La première, c’est celle des auteurs d’inspiration néo-keynésienne qui soulignent les erreurs de jugement des dirigeants européens, et surtout de leurs conseillers économiques. Pour ces derniers, inspirés par une vision  remastérisée de l’économie néo-classique, il suffirait d’une bonne vieille cure d’austérité dans la dépense publique, d’une bonne saignée bien moralisante, pour provoquer un choc de confiance chez les agents économiques privés, et pour faire repartir de ce fait la machine économique. Cette « austérité expansionniste », qui, dans l’idéal, amènerait à zéro les dépenses publiques et à zéro l’endettement public, n’a pourtant pas l’air de bien fonctionner, tout au moins pour l’instant, et tous les néo-keynésiens de se faire un malin plaisir de le souligner, à mesure que des pays comme la Grèce, l’Italie ou l’Espagne semblent s’enfoncer dans le cycle récessif qu’ils avaient fort bien prévu. Il me semble qu’on peut classer, avec les modulations d’usage, Paul Krugman, Joseph Stiglitz, les « économistes atterrés », Patrick Artus, les économistes de l’OFCE sur cette ligne. De manière plus modérée, on voit des économistes souligner que les déficits publics doivent certes être réduits pour rendre la dette publique des Etats européens soutenable, mais qu’il faut le faire à la bonne cadence. Pour un exemple en ce sens, je citerais Anton Brender, Florence Pisani, Emile Gagna dans leur chapitre consacré à l’Europe dans La crise des dettes souveraines (Paris, La Découverte, 2012), sobrement intitulé Le drame européen (sic). Selon cette première ligne d’analyse, il suffirait que les dirigeants changent de vision des mécanismes économiques pour que les choses s’améliorent. Le point fort de cette explication à mon sens, c’est que des pays qui ne sont pas dans la zone Euro, la Grande-Bretagne pour ne pas la citer, suivent cette ligne de conduite dans leur politique économique, avec des résultats pour l’instant conformes à la vision des keynésiens, autrement dit, cela va mal.

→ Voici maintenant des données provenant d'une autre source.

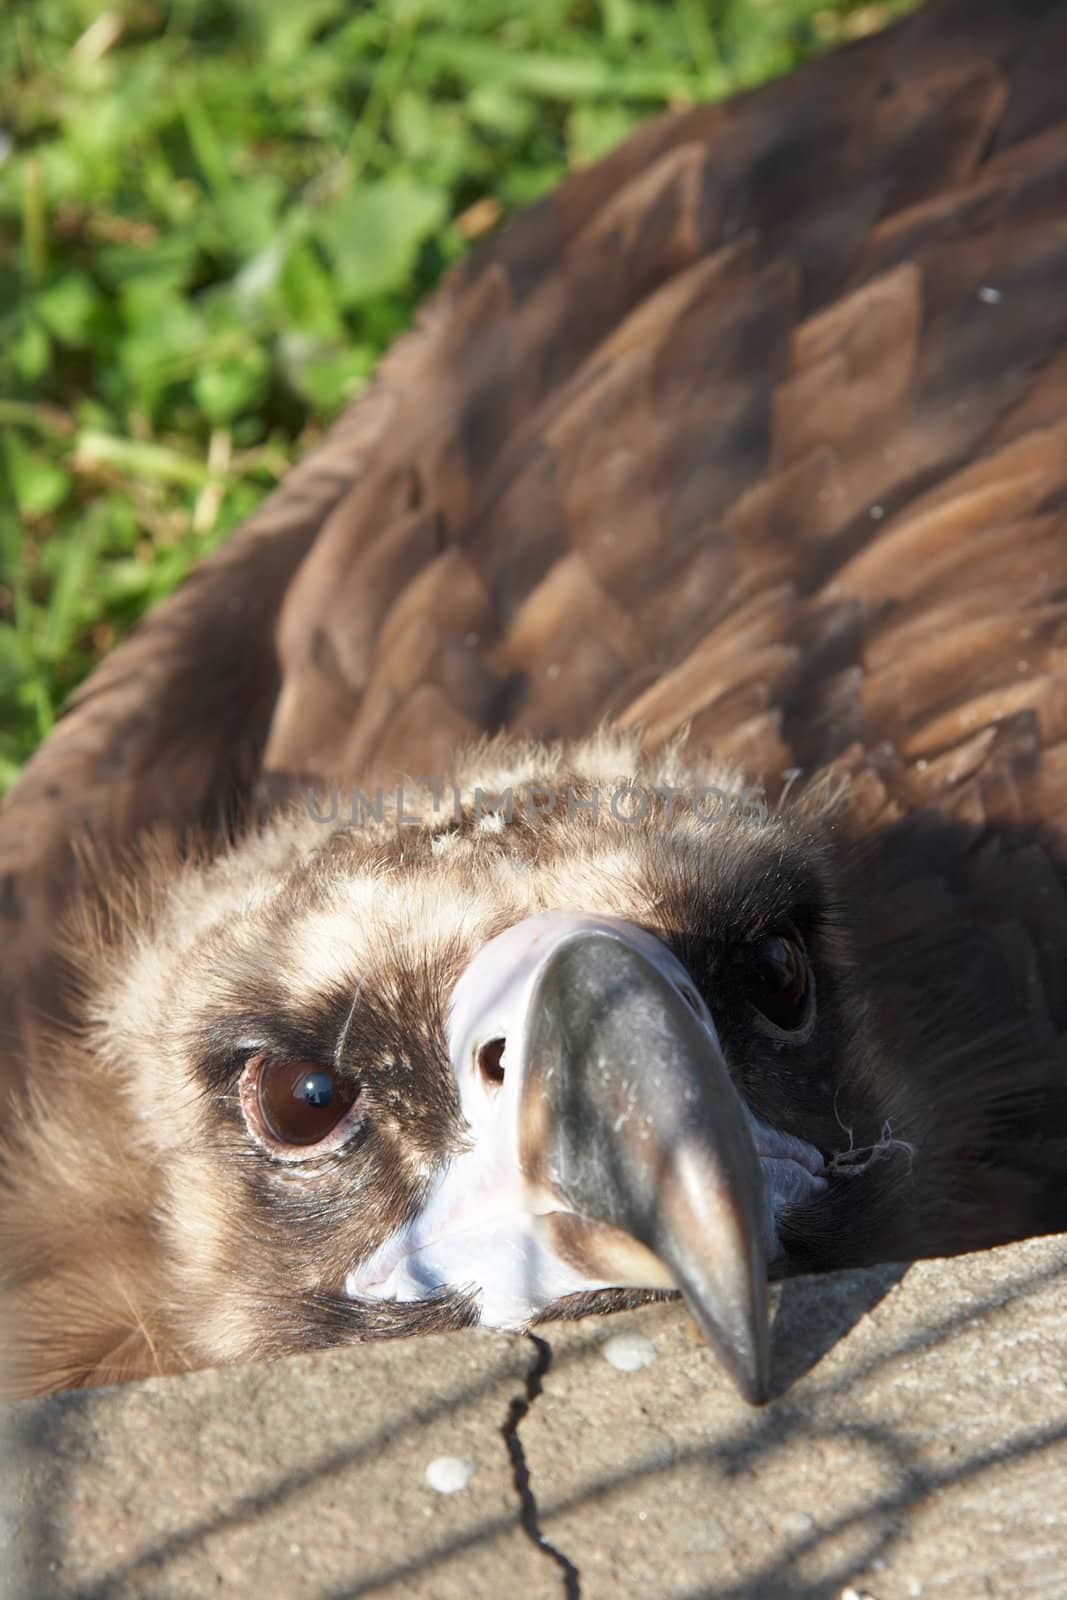 Close-up image of Eurasian Black Vulture (Aegypius Monachus). Also known as Monk or Cinereous Vulture.

La seconde est institutionnaliste. Étant donné la structure des institutions européennes au départ de la crise économique, le résultat ne pouvait être qu’une incapacité à trouver un acteur capable de relancer l’économie européenne  au niveau global. L’Union européenne (en tant que Commission européenne) possède un budget réduit à 1% du PIB européen, et n’a en plus que peu de ressources fiscales propres, pour ne pas dire en pratique aucune. Le pur aspect institutionnel ne suffit cependant pas à épuiser cette ligne d’explication. De fait,  les acteurs politiques nationaux ont largement contourné les règles établies lors du  Traité de Maastricht. La clause de « no bail-out », de non-renflouement d’un État par ses partenaires, a largement été ignorée, en particulier pour la Grèce. Il serait bien évidemment intéressant de construite un contre-factuel, où les règles européennes sont strictement respectées. La Grèce fait défaut sur sa dette publique au printemps 2010, que se passe-t-il ensuite? Les banques grecques sautent, les grandes banques européennes sautent, et ensuite? Comme on sait bien que la Grèce a été aidée à ce moment-là, toute une analyse politologique et économique en découle qui souligne à l’envi le poids de certains acteurs-clés, qui ont justement refusé de « sauter ». Du point de vue des remèdes, contrairement à la vision précédente, il ne s’agit pas alors tant de changer la vision de l’économie des dirigeants européens, que les contraintes institutionnelles des uns et des autres. L’idée d’une vraie fédération se trouve  ici au bout du tunnel. Évidemment, s’il existait une Fédération européenne avec un budget conséquent, on pourrait envisager une politique contra-cyclique à l’échelle continentale. Si les faillites bancaire deviennent l’affaire de la Fédération, c’est le contribuable européen qui les paye. Sans le grand soir fédéral, c’est (presque) chacun pour soi, et l’Euro pour tous, et de belles années de stagnation à venir.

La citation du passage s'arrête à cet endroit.